Given data below:

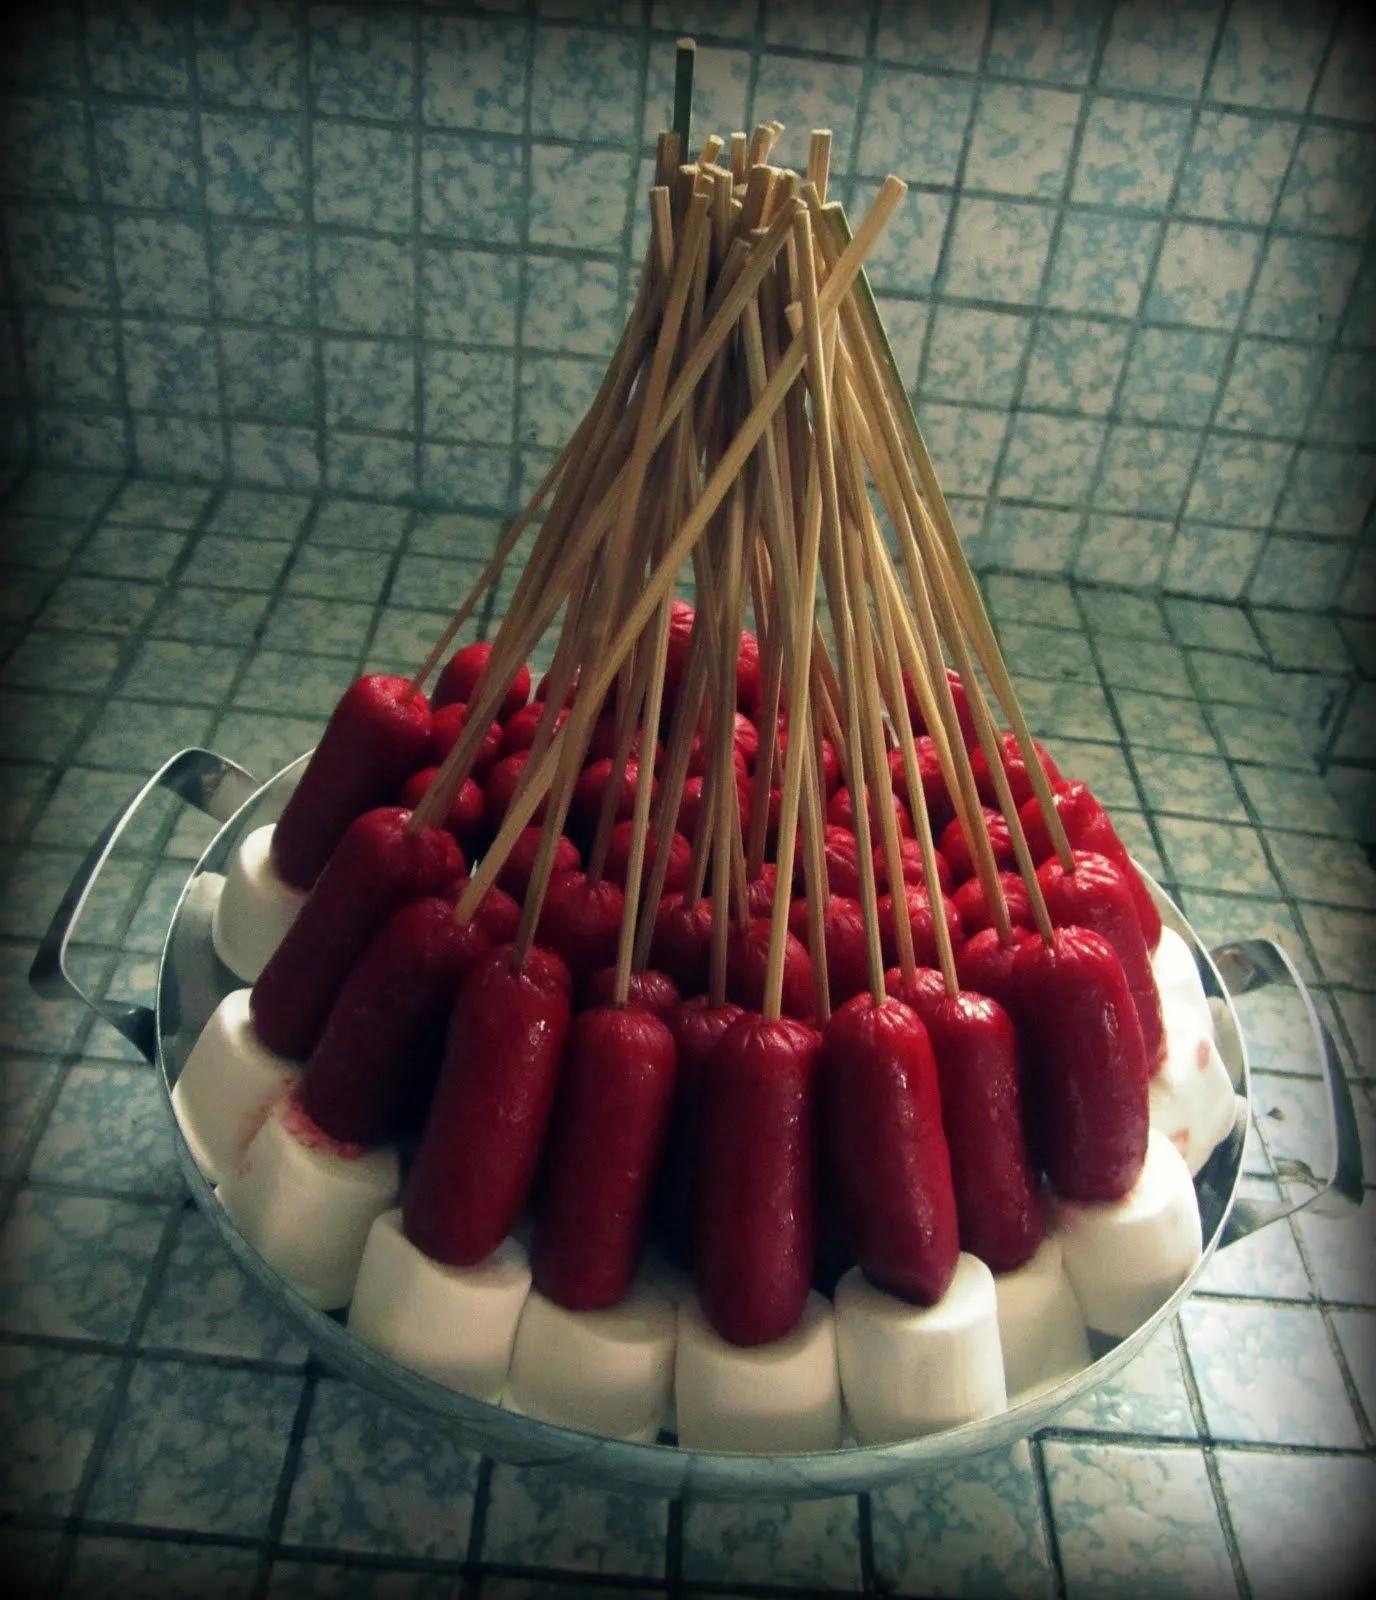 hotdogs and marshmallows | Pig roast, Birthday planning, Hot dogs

End of Given data.
Given data below:

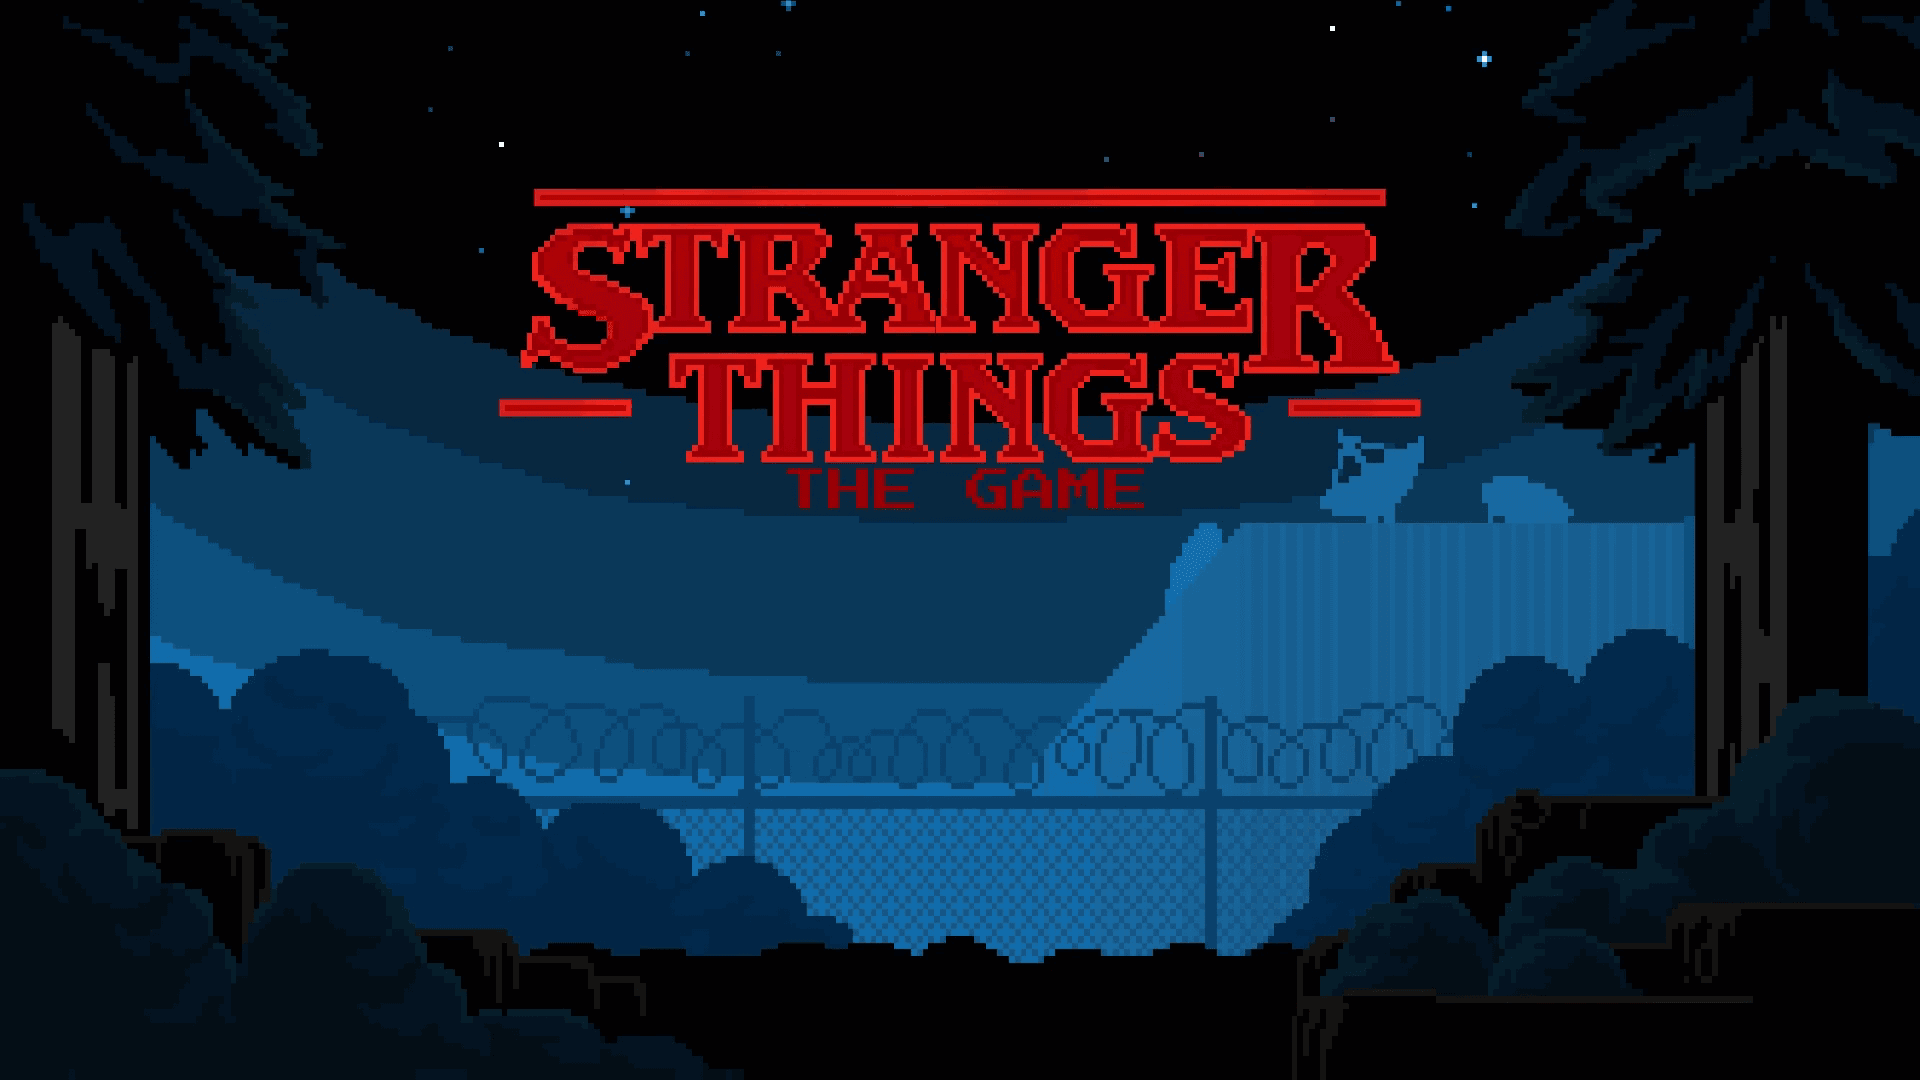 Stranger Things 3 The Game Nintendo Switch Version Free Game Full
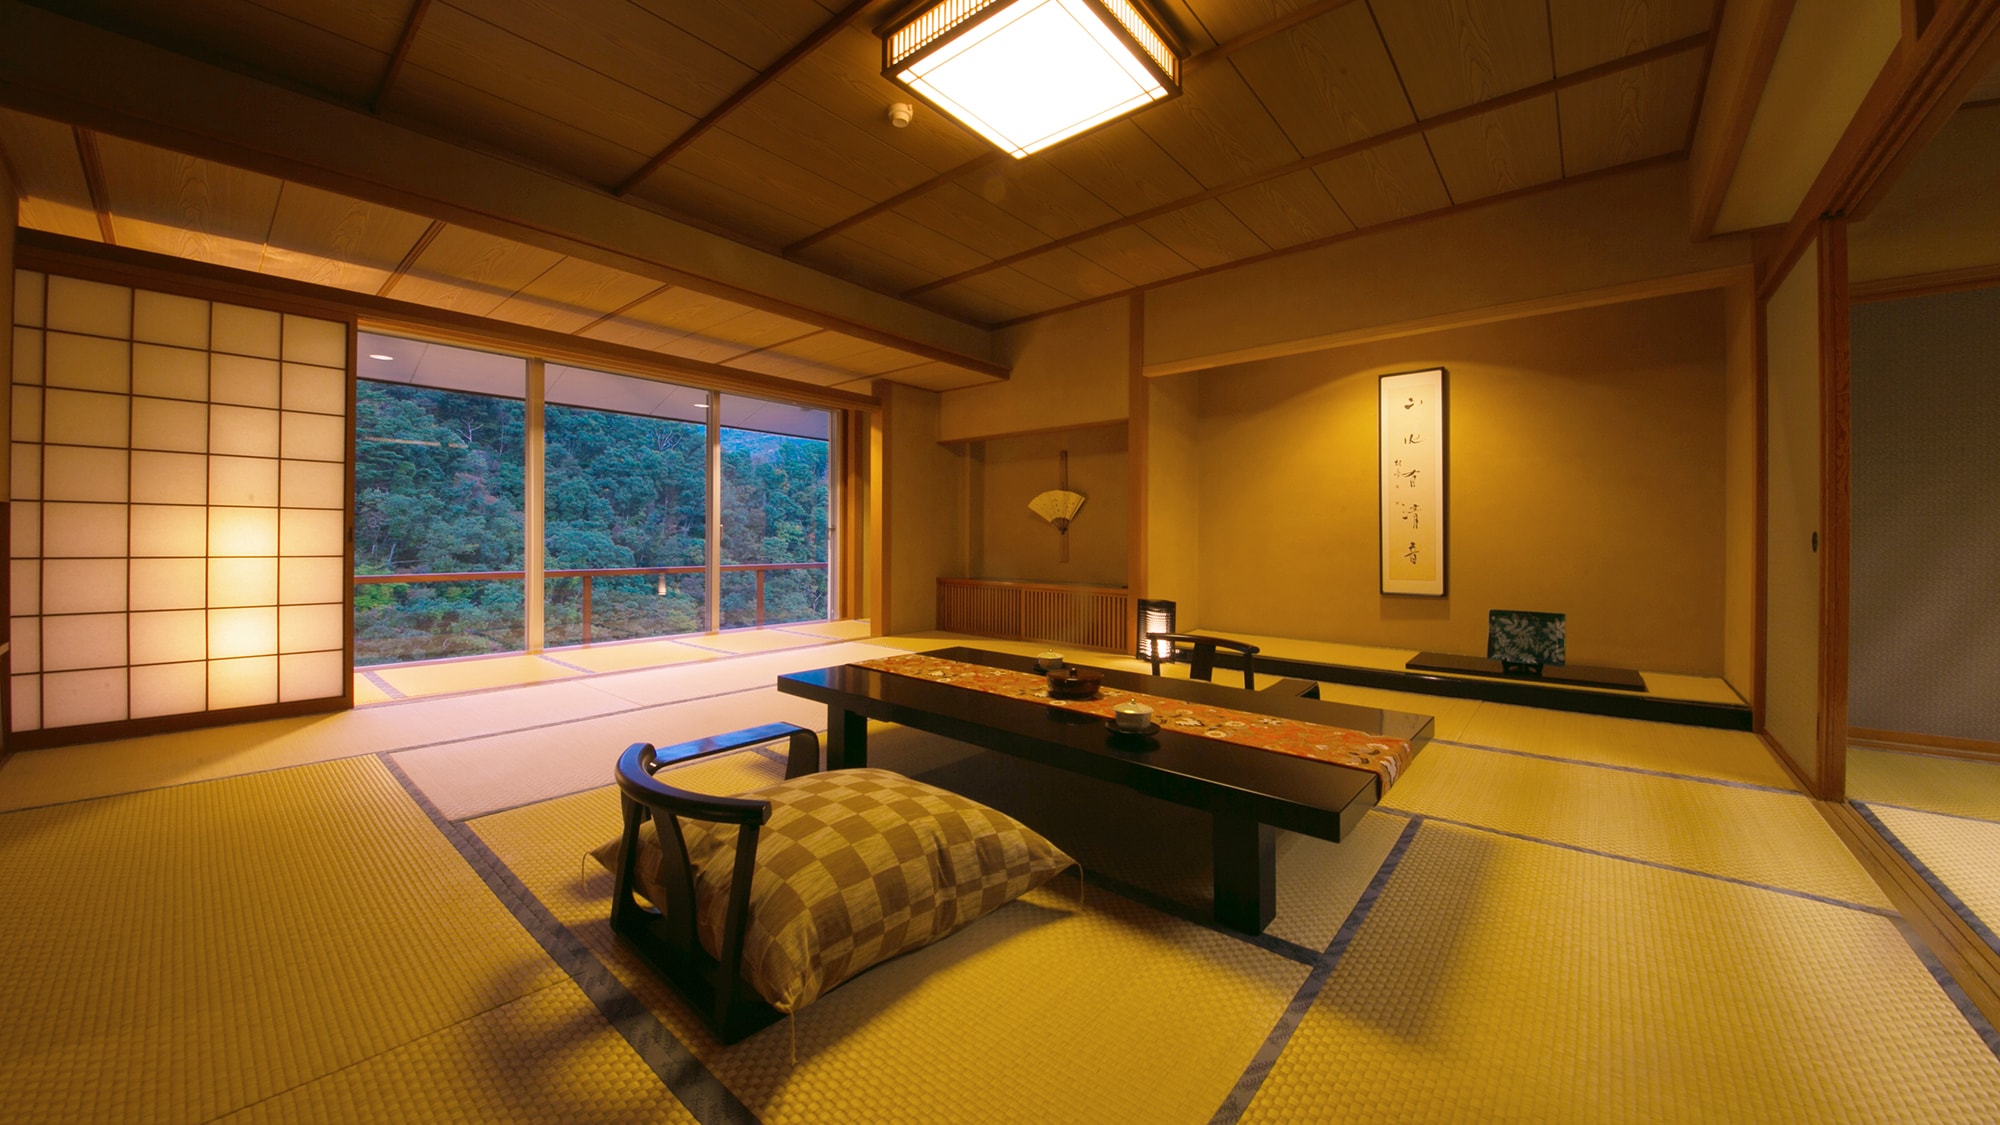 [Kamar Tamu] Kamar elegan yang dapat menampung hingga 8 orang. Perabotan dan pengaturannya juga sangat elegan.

End of Given data.
Given data below:

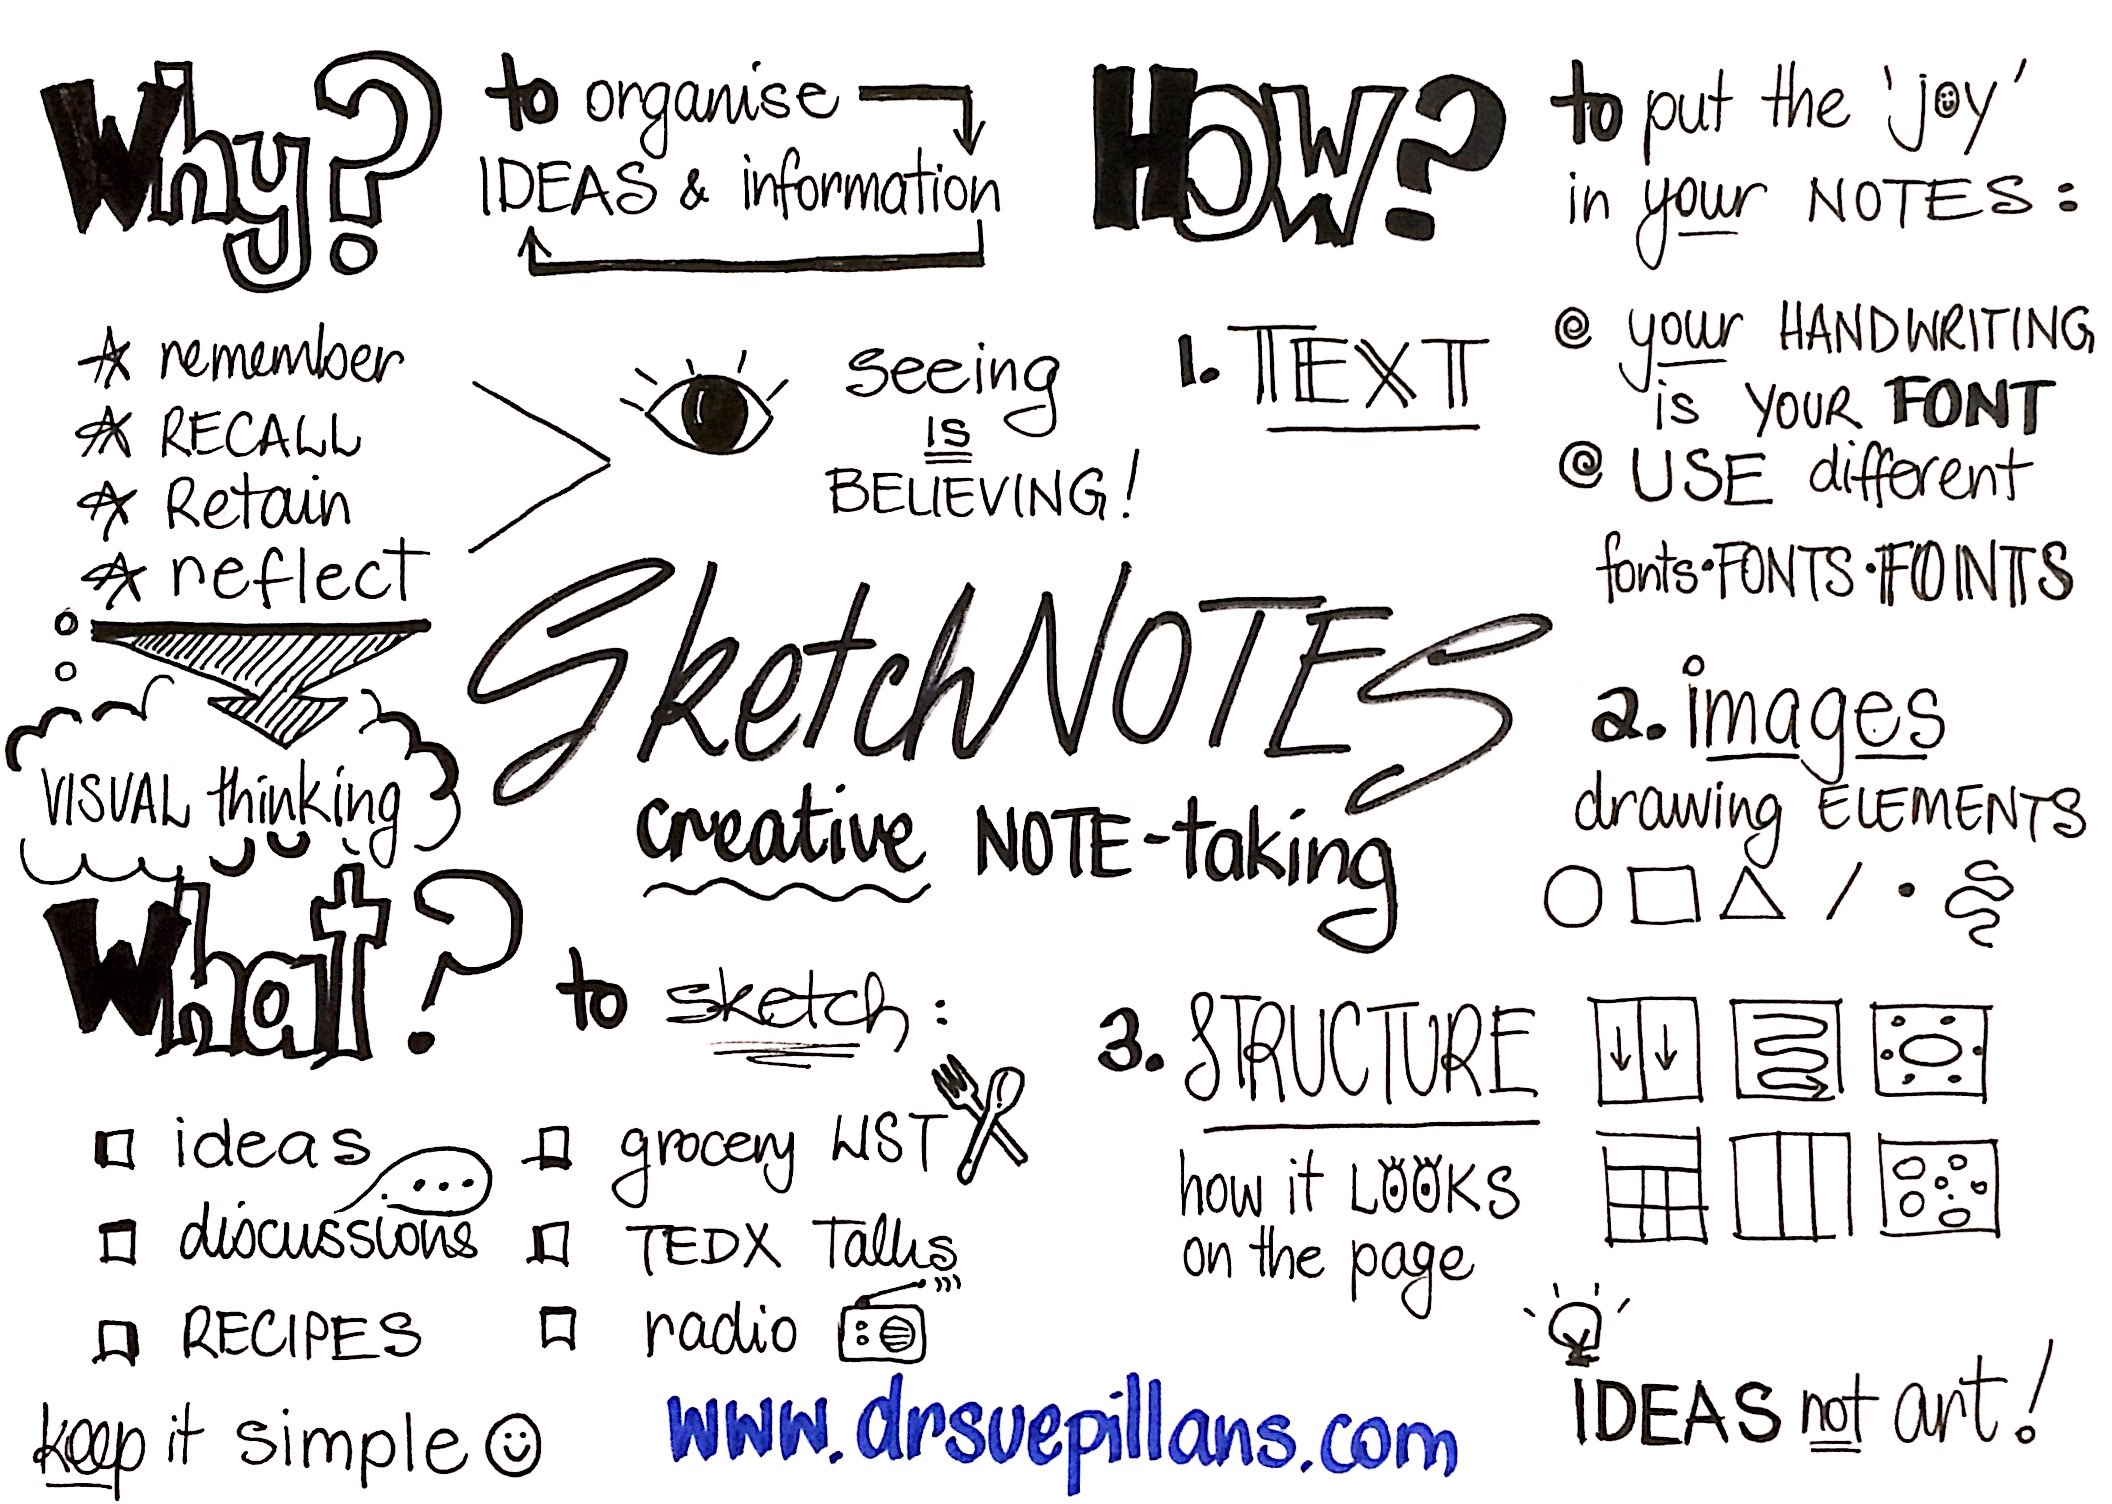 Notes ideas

End of Given data.

● Work to be completed: Above are the records; copy from them only the lines starting at the one containing "Stranger Things 3" and ending at the one containing "[Kamar Tamu] Kamar", exactly and without pictures.

● Exercise answer:
 Stranger Things 3 The Game Nintendo Switch Version Free Game Full
 [Kamar Tamu] Kamar elegan yang dapat menampung hingga 8 orang. Perabotan dan pengaturannya juga sangat elegan.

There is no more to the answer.